Dunne Eileen F, Datta S Deblina, E Markowitz Lauri
Division of Sexually Transmitted Disease Prevention, Centers for Disease Control and Prevention, Atlanta, Georgia 30030, USA.
Cancer. 2008 Nov 15;113(10 Suppl):2995-3003. doi: 10.1002/cncr.23763.

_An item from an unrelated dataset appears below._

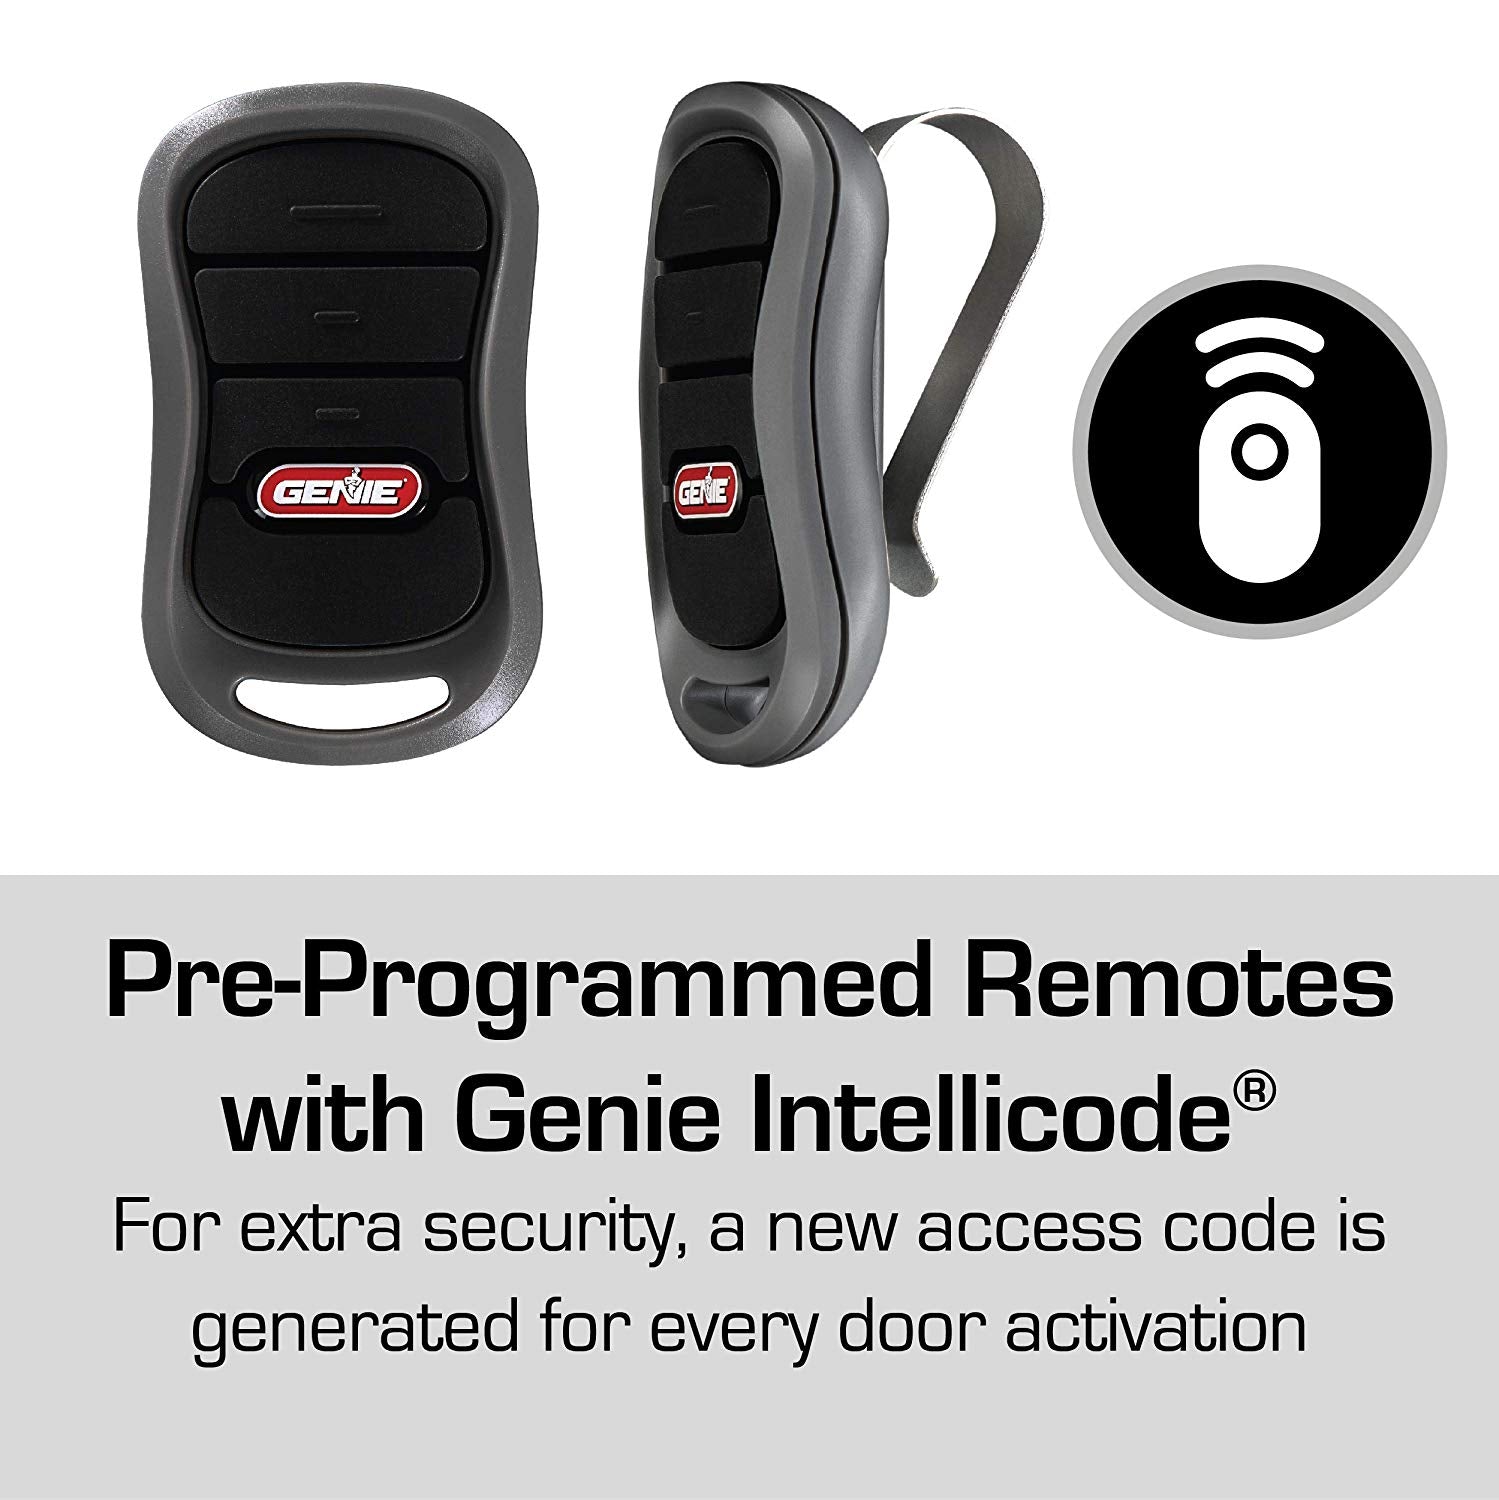 Genie Intellicode pre-programmed remotes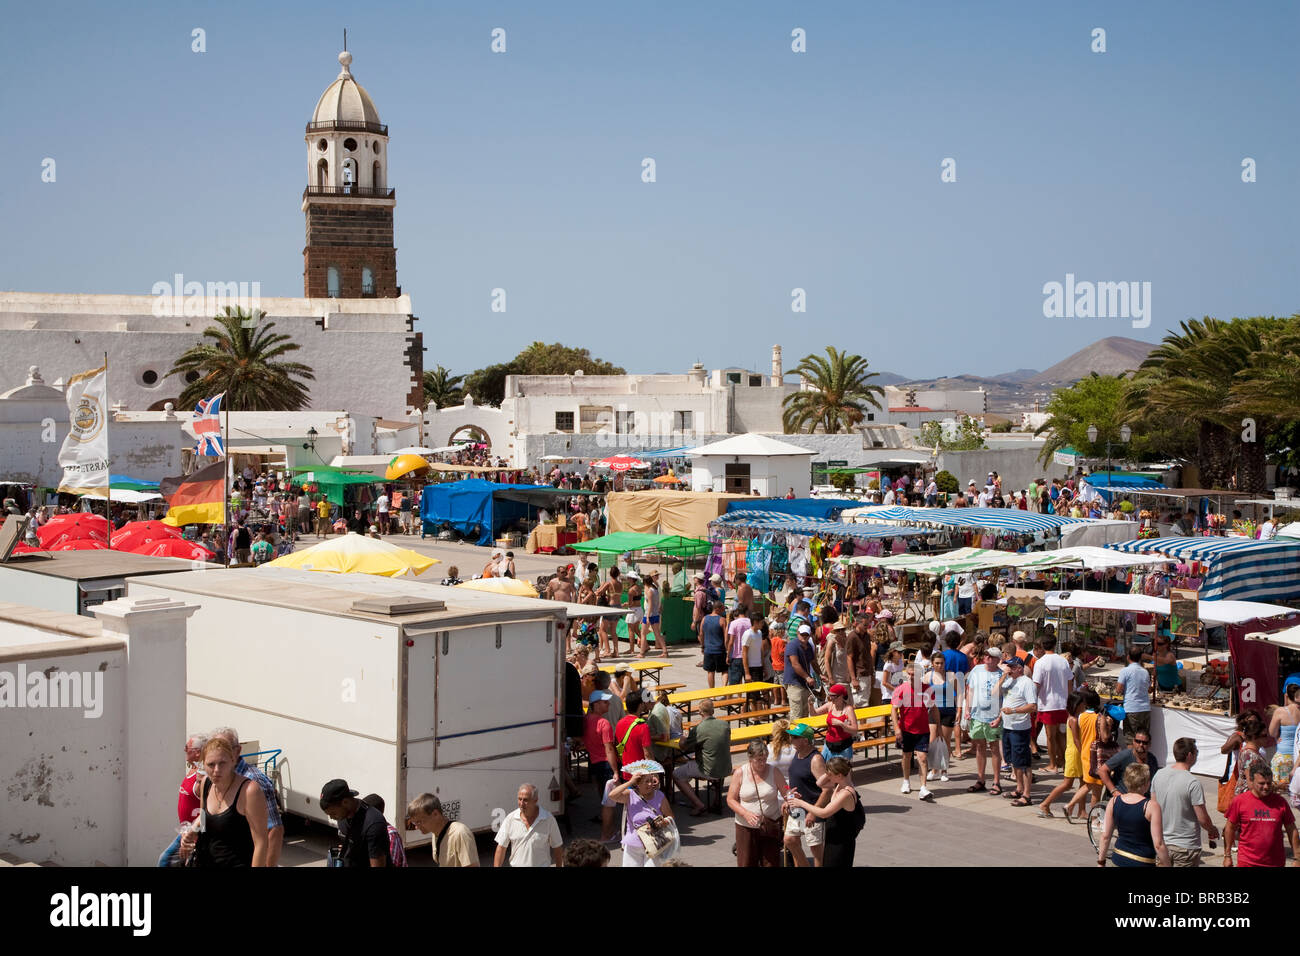 La folla al mercato di domenica con la torre campanaria di Iglesia de San Miguel in background, Teguise, Lanzarote Foto Stock

It has been estimated that genital human papillomavirus (HPV) is the most common sexually transmitted infection in the US. Nononcogenic types, such as HPV type 6 (HPV-6) and HPV-11, can cause benign or low-grade cervical cell changes, genital warts, and recurrent respiratory papillomatosis. Oncogenic types can cause cervical and other anogenital cancers; oncogenic HPV types are detected in 99% of cervical cancers worldwide. A quadrivalent HPV vaccine to prevent HPV-6, HPV-11, HPV-16, and HPV-18 was licensed for use in the US in June 2006 and an application for Food and Drug Administration licensure was submitted for a bivalent HPV vaccine to prevent HPV-16 and HPV-18 in March 2007. Currently in the US, the quadrivalent HPV vaccine is recommended for routine immunization of girls aged 11 and 12 years, and catch-up immunization is recommended through age 26 years. Monitoring the impact of prophylactic HPV vaccines will be useful for understanding the population level impact of vaccination. In this report, the authors provide a brief review of the epidemiology of HPV infection and an overview of prophylactic HPV vaccines and postvaccine licensure monitoring.
据估计,生殖器人乳头瘤病毒(HPV)是美国最常见的性传播感染。非致癌型HPV,如6型HPV(HPV-6)和HPV-11,可引起良性或低度宫颈细胞改变、生殖器疣和复发性呼吸道乳头瘤病。致癌型HPV可导致宫颈癌和其他肛门生殖器癌症;全球99%的宫颈癌中可检测到致癌型HPV。一种预防HPV-6、HPV-11、HPV-16和HPV-18的四价HPV疫苗于2006年6月在美国获得许可使用,2007年3月提交了一种预防HPV-16和HPV-18的二价HPV疫苗的食品药品监督管理局许可申请。目前在美国,推荐11至12岁女孩常规接种四价HPV疫苗,并建议在26岁之前进行补种。监测预防性HPV疫苗的影响将有助于了解疫苗接种对人群的影响。在本报告中,作者简要回顾了HPV感染的流行病学,并概述了预防性HPV疫苗及疫苗许可后监测情况。